[Opening PROVIDED DATA section]
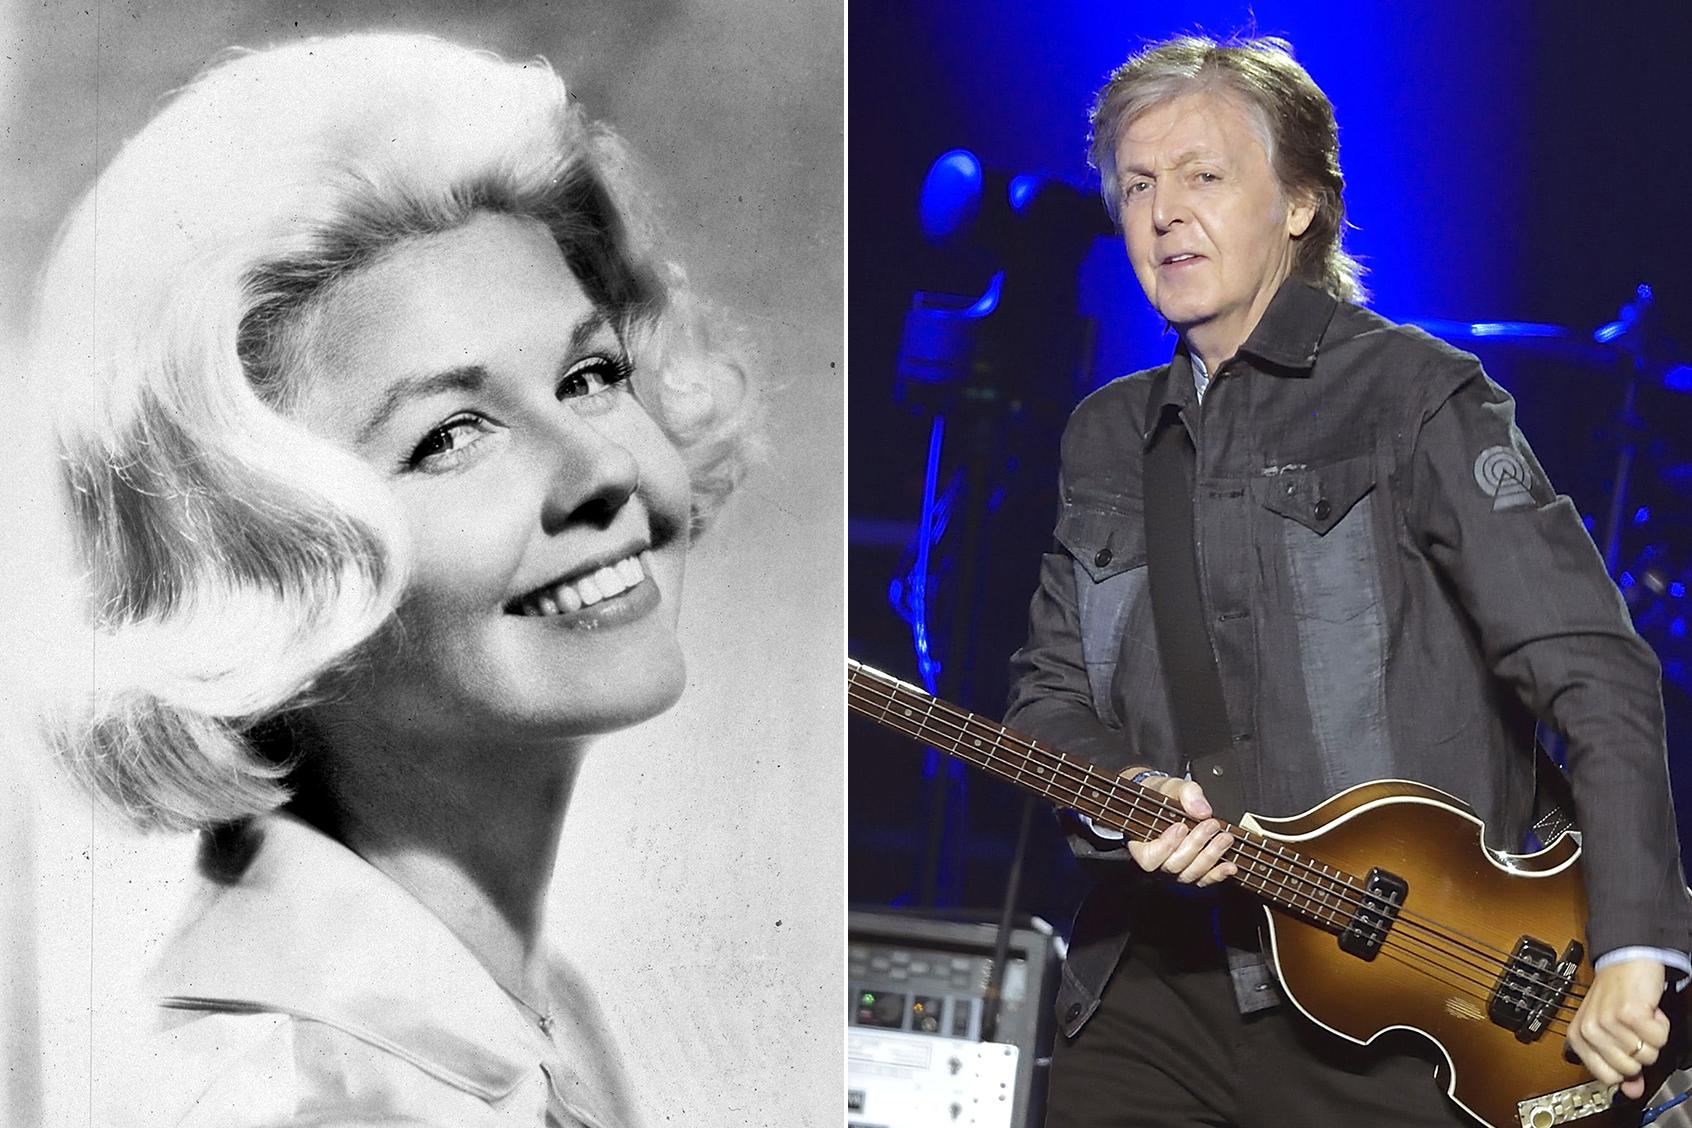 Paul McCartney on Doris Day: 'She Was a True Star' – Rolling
[Closing PROVIDED DATA section]
[Opening PROVIDED DATA section]
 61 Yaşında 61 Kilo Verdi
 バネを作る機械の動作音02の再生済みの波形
[Closing PROVIDED DATA section]
[Opening PROVIDED DATA section]
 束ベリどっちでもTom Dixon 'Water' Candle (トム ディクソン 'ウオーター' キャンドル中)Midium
[Closing PROVIDED DATA section]
__ABOUT THIS TASK__.
Please reproduce, exactly as they appear above, the lines from the line containing "61 Yaşında 61 Kilo Verdi" up to and including the line containing "バネを作る機械の動作音02の再生済みの波形".

__RESPONSE TO THIS EXERCISE__.
 61 Yaşında 61 Kilo Verdi
 バネを作る機械の動作音02の再生済みの波形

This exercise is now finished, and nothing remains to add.